Filesystems

VFS Layer

Kevlar's VFS (libs/kevlar_vfs/) provides a uniform interface over all filesystems. The crate is #![forbid(unsafe_code)] and defines the Ring 2 service boundary.

INode

#![allow(unused)]
fn main() {
pub enum INode {
    FileLike(Arc<dyn FileLike>),
    Directory(Arc<dyn Directory>),
    Symlink(Arc<dyn Symlink>),
}
}

All filesystem operations go through these traits. The kernel holds INode values; it never calls filesystem-specific code directly.

FileLike

The primary I/O trait. Every file descriptor ultimately points to an Arc<dyn FileLike>:

#![allow(unused)]
fn main() {
pub trait FileLike: Debug + Send + Sync + Downcastable {
    fn read(&self, offset: usize, buf: UserBufferMut, options: &OpenOptions) -> Result<usize>;
    fn write(&self, offset: usize, buf: UserBuffer, options: &OpenOptions) -> Result<usize>;
    fn stat(&self) -> Result<Stat>;
    fn poll(&self) -> Result<PollStatus>;
    fn ioctl(&self, cmd: usize, arg: usize) -> Result<isize>;
    fn truncate(&self, length: usize) -> Result<()>;
    fn chmod(&self, mode: FileMode) -> Result<()>;
    fn fsync(&self) -> Result<()>;
    fn is_content_immutable(&self) -> bool;  // Page cache hint
    // Socket methods: bind, listen, accept, connect, sendto, recvfrom, ...
}
}

Regular files, pipes, sockets, TTY devices, /dev/null, eventfd, epoll, signalfd, timerfd, and inotify instances all implement FileLike.

Directory

#![allow(unused)]
fn main() {
pub trait Directory: Debug + Send + Sync + Downcastable {
    fn lookup(&self, name: &str) -> Result<INode>;
    fn create_file(&self, name: &str, mode: FileMode) -> Result<INode>;
    fn create_dir(&self, name: &str, mode: FileMode) -> Result<INode>;
    fn create_symlink(&self, name: &str, target: &str) -> Result<INode>;
    fn link(&self, name: &str, link_to: &INode) -> Result<()>;
    fn unlink(&self, name: &str) -> Result<()>;
    fn rmdir(&self, name: &str) -> Result<()>;
    fn rename(&self, old_name: &str, new_dir: &Arc<dyn Directory>, new_name: &str) -> Result<()>;
    fn readdir(&self, index: usize) -> Result<Option<DirEntry>>;
    fn stat(&self) -> Result<Stat>;
    fn inode_no(&self) -> Result<INodeNo>;
    fn dev_id(&self) -> usize;
    fn mount_key(&self) -> Result<MountKey>;
    // ...
}
}

MountKey

Each filesystem allocates a globally unique dev_id via an atomic counter. A MountKey is (dev_id, inode_no) — this prevents mount point collisions when different filesystems reuse inode numbers:

#![allow(unused)]
fn main() {
pub struct MountKey {
    pub dev_id: usize,
    pub inode_no: INodeNo,
}
}

PathComponent and Path Resolution

PathComponent is a node in the path tree:

#![allow(unused)]
fn main() {
pub struct PathComponent {
    pub parent_dir: Option<Arc<PathComponent>>,
    pub name: String,
    pub inode: INode,
}
}

Path resolution walks the tree from the process's root or CWD. Two paths:

  • Fast path: Direct directory tree walk when the path has no .. and no intermediate symlinks. Avoids heap allocation.
  • Full path: Builds a PathComponent chain, follows symlinks (up to 8 hops to prevent ELOOP), and resolves .. by walking parent pointers.

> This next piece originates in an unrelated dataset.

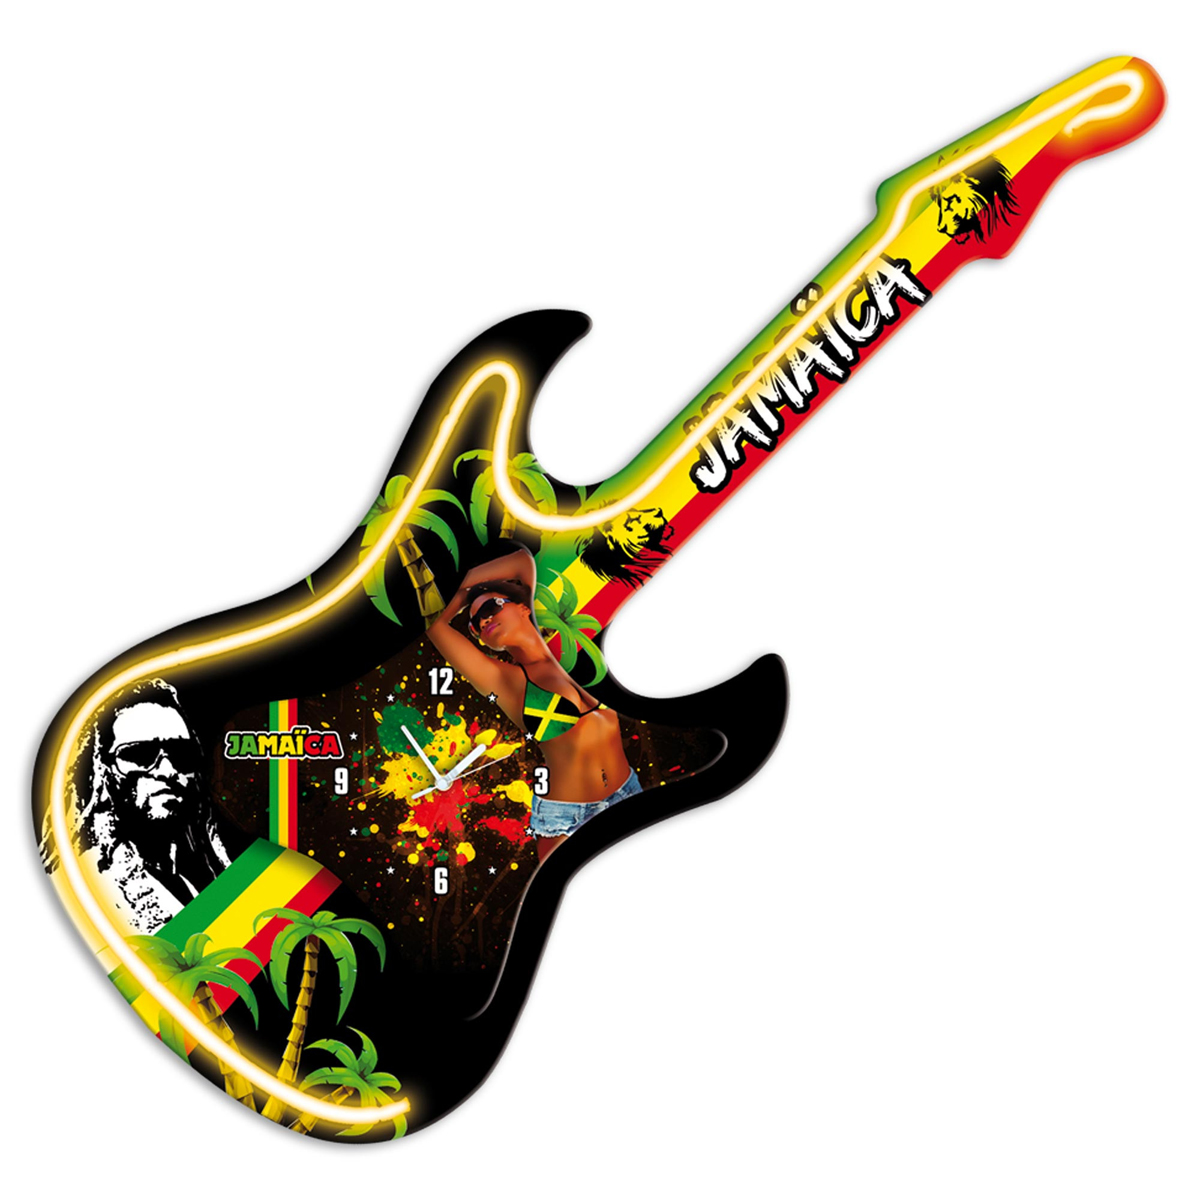 Horloge murale guitare néon \'Jamaica\' vert jaune rouge - 735x30 cm - [P6489]

Mount points are resolved at each component by looking up the directory's MountKey in the mount table.

OpenedFileTable

A per-process table mapping file descriptors (integers) to Arc<OpenedFile>:

#![allow(unused)]
fn main() {
pub struct OpenedFile {
    path: Arc<PathComponent>,
    pos: AtomicCell<usize>,              // File position (lock-free)
    options: AtomicRefCell<OpenOptions>,  // O_APPEND, O_NONBLOCK, etc.
}

pub struct OpenedFileTable {
    files: Vec<Option<LocalOpenedFile>>,  // Indexed by fd (max 1024)
}

struct LocalOpenedFile {
    opened_file: Arc<OpenedFile>,
    close_on_exec: bool,
}
}

Arc<OpenedFile> allows sharing across fork(). FD allocation always returns the lowest available descriptor (POSIX requirement). O_CLOEXEC is tracked per-fd and respected on execve.

Filesystem Implementations

initramfs

A read-only CPIO newc archive embedded in the kernel image. Parsed at boot by services/kevlar_initramfs. All files are backed by &'static [u8] slices — reads are zero-copy into the page cache. The crate is #![forbid(unsafe_code)].

Files report is_content_immutable() == true, allowing the page cache to share physical pages directly (no copy needed for read-only mappings).

tmpfs

An in-memory read-write filesystem (services/kevlar_tmpfs, #![forbid(unsafe_code)]). Supports regular files, directories, symlinks, hard links, and all standard POSIX operations.

#![allow(unused)]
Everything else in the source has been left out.